Men, irrespective of whether they had children or not, who had a family situation that permitted outdoor recreational PA, participated in activities to a greater extent than men without such a family situation. As previous work has mainly focused on the PA of women, to our knowledge no similar findings have been reported. Previously, women listed lack of time, social support, family commitments and role obligations as barriers to their participation in PA [1821], factors which are included in the family situation. Our findings thus indicate a need for more research focusing on PA of men who become parents.

Contradictory reports exist regarding the impact of age and number of children on participation in PA [3337]. We focused only on the differences between women and men with and without children; accordingly, we have not studied how age and number of children may affect participation in outdoor recreational PA.

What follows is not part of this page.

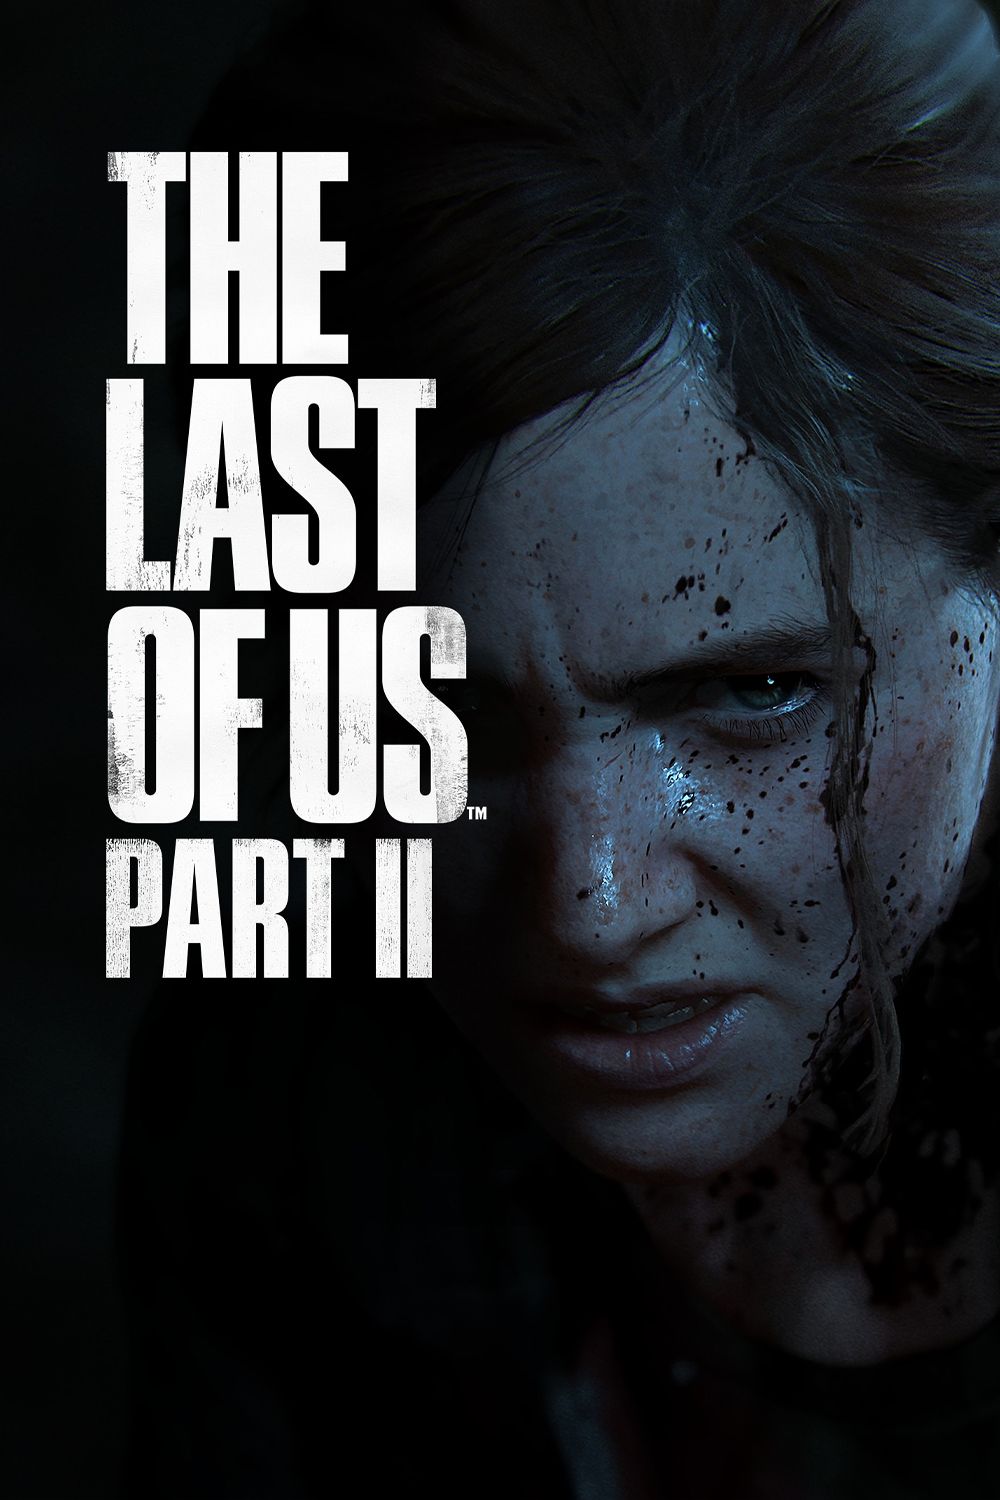 ARE YOU GETTING THE $10 PS5 REMASTER UPGRADE?! #thelastofus #ps5 #thel, the  last of us part 2 remastered

Becoming a parent is a life-changing event that affects participation in PA, probably due to lifestyle changes. Pregnancy and parenthood have been found to be life events associated with decreased PA [14, 15]. The decline is seen mostly among women, possibly explained by a research focus on women's perception of and influences on their children's PA patterns. Bellows-Riecken and Rhodes [15] reviewed 31 studies published from 1989 through to July 2007 that dealt with the impact of parenthood on PA. Of the 25 independent samples, 17 focused on women, seven included both women and men, and only one was based solely on men. This review, in addition to the results from this study, demonstrate the need for a greater focus on men's PA during this life transition, as both parents play an important role in shaping their children's routines (including PA habits). There would generally appear to be a stronger influence of fathers' PA patterns on both boys and girls [38].

Conclusions

The majority of the women and men had participated in outdoor recreational PA from several times per month up to every day during the 12-month period prior to one month before pregnancy. More factors affected whether men were physically active than women. Dog or horse ownership seemed to be an important factor associated with the probability of participating in outdoor recreational PA. Those active in PA are also active independent of indoor or outdoor activities. Our findings also indicate that becoming a parent is a life-changing event that affects participation in PA. Midwives and health promoters have an important role to play, encouraging both parents to be active and to support each other by offering family-oriented PA choices that involve parents and children or that provide an opportunity for parents to perform PA while their children are involved in their own activities. Further studies dealing with gender differences are needed in this field. The promotion of outdoor recreational PA, which also has restorative effects on well-being, needs to focus on activities that are attractive and affordable for the majority of both men and women.